About

This repo contains automation and helper scripts to convert AK documentation from raw html source code to markdown.

How does it work?

AK documentation currently is stored in version control as raw html, css and js files. It makes use of specific httpd features such as "Server Side Includes" and Handlebars JS to render templated html content.

To host this is a markdown based site, we will employ Hugo a static site generator from markdown, and docsy theme for structuring and styling the site.

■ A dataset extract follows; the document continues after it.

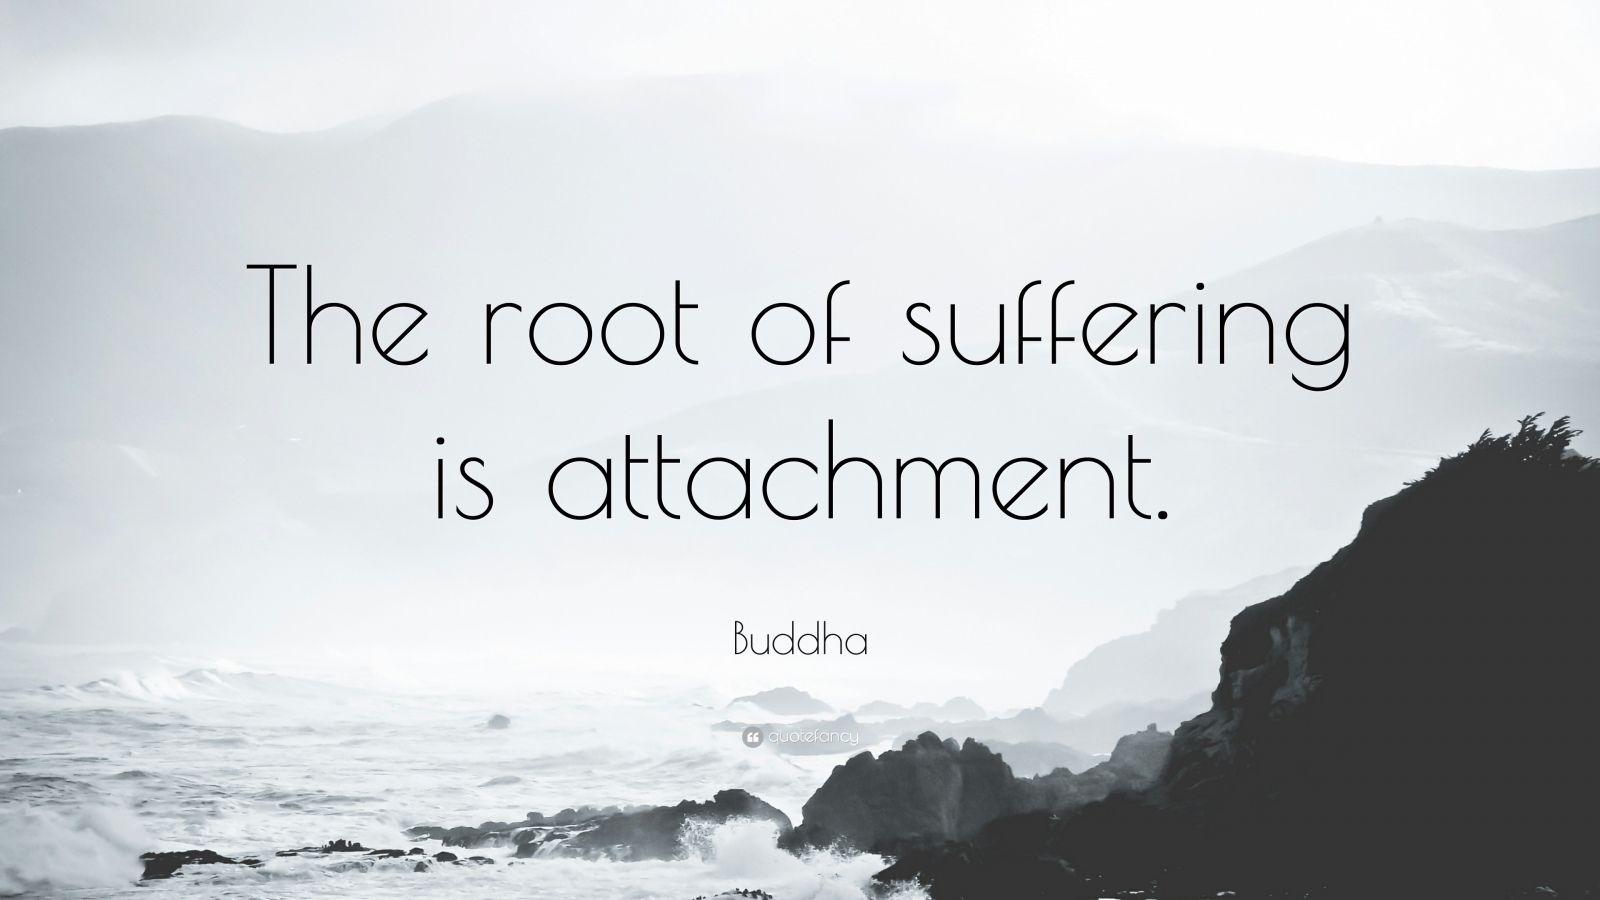 Buddha Quote: “The root of suffering is attachment.” 9 wallpaper

Automated End-to-End Workflow

The project now includes a fully automated, end-to-end workflow system that handles the entire conversion process from cloning the Kafka site repository to generating the final markdown structure for Hugo.

Workflow Architecture

The workflow is broken down into composable, idempotent stages:

Clone Stage - Clones/updates the Kafka website repository
Pre-processing Stage - Converts raw HTML to intermediate markdown
Post-processing Stage - Restructures markdown for better organization
Validation Stage - Verifies the output meets expectations

Each stage is further broken down into individual steps that can be customized, reordered, or selectively applied.

Using the Workflow

# Basic usage
python main.py --workspace ./my_workspace

# Start from a specific stage
python main.py --workspace ./my_workspace --start-stage pre-process

# Enable debug logging
python main.py --workspace ./my_workspace --debug

# Skip validation stage
python main.py --workspace ./my_workspace --skip-validation

Workflow Components

main.py - Main entry point and workflow orchestration
workflow_steps.py - Fine-grained steps and processors for each stage
process.yaml - Configuration for document sections and processing rules

Features

Composable - Each stage and step can run independently
Idempotent - Safe to run multiple times
Debuggable - Detailed logging and clear error messages
Configurable - Easy to customize through process.yaml
Extensible - New steps can be easily added to the registry

Special File Processors

The workflow includes specialized processors for handling unique files:

committers.md - Extracts committer information and generates data/committers.json
powered-by.html - Extracts testimonials from the Powered By page and generates data/testimonials.json

These special processors can be run with:

python main.py --workspace ./my_workspace --start-stage special-files

Static Content Handling

The workflow automatically handles static content such as:

Images - Both root level and version-specific image directories
Diagrams - Diagram files used in documentation
Logos - Brand assets and logos
Generated Content - Auto-generated documentation files
JavaDoc - Java API documentation

Static directories are:

Identified via the static_dirs list in process.yaml
Copied to the appropriate location in the static output directory
Referenced correctly in markdown via the link updates in process.yaml
Validated to ensure they exist and contain files

Pre-processing

Process directories and files, going through the raw html, css, js, and other static content in the AK site and doing the first pass of converting it to markdown.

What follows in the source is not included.